Lemma 12.9.6. Let $\mathcal{A}$ be an abelian category. Let $A$ be an object of $\mathcal{A}$. The following are equivalent
$A$ is Artinian and Noetherian, and
there exists a filtration $0 \subset A_1 \subset A_2 \subset \ldots \subset A_ n = A$ by subobjects such that $A_ i/A_{i - 1}$ is simple for $i = 1, \ldots , n$.

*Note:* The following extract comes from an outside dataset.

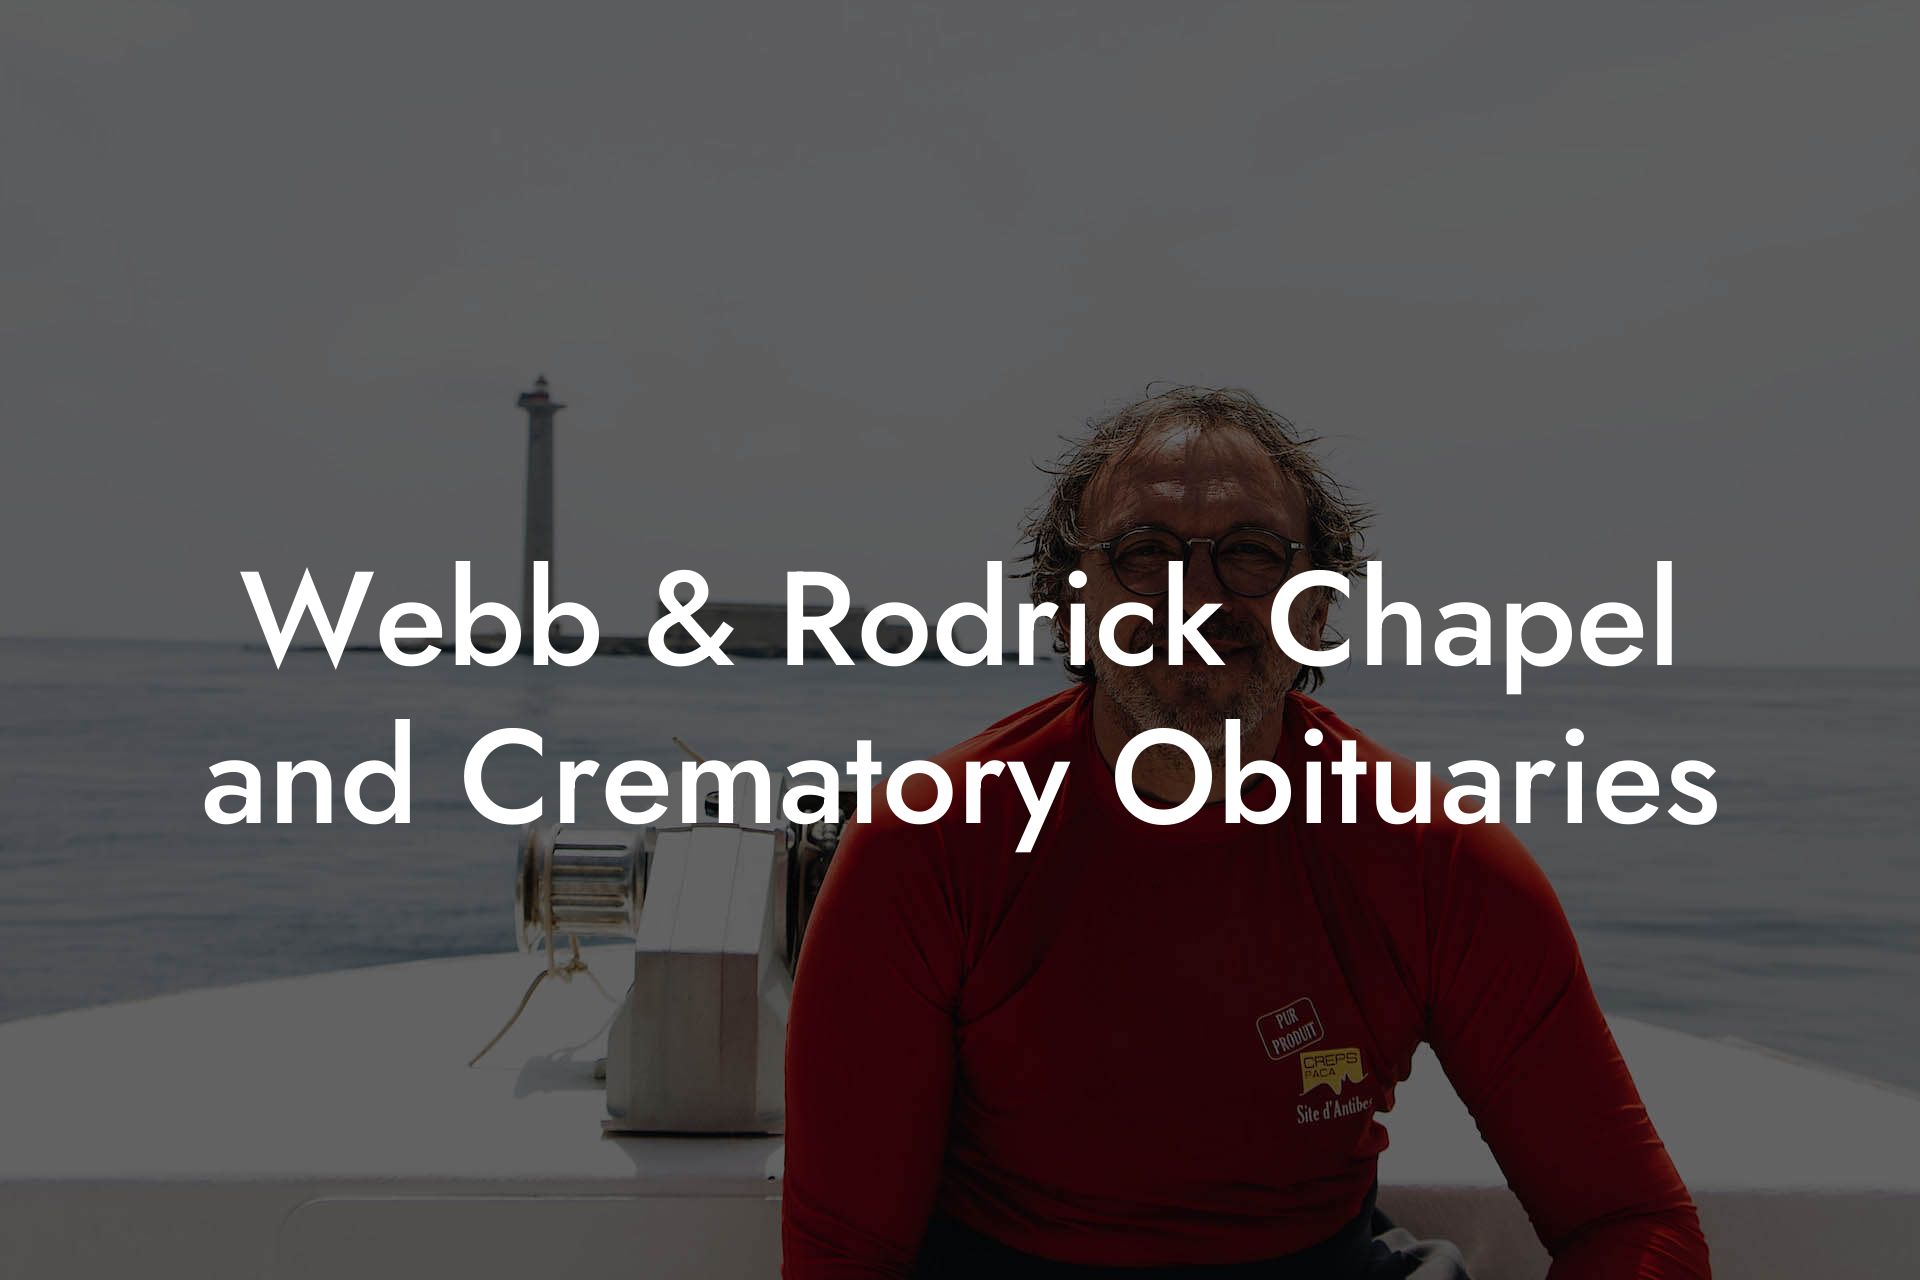 Webb & Rodrick Chapel and Crematory Obituaries

Proof. Assume (1). If $A$ is zero, then (2) holds. If $A$ is not zero, then there exists a smallest nonzero object $A_1 \subset A$ by the Artinian property. Of course $A_1$ is simple. If $A_1 = A$, then we are done. If not, then we can find $A_1 \subset A_2 \subset A$ minimal with $A_2 \not= A_1$. Then $A_2/A_1$ is simple. Continuing in this way, we can find a sequence $0 \subset A_1 \subset A_2 \subset \ldots $ of subobjects of $A$ such that $A_ i/A_{i - 1}$ is simple. Since $A$ is Noetherian, we conclude that the process stops. Hence (2) follows.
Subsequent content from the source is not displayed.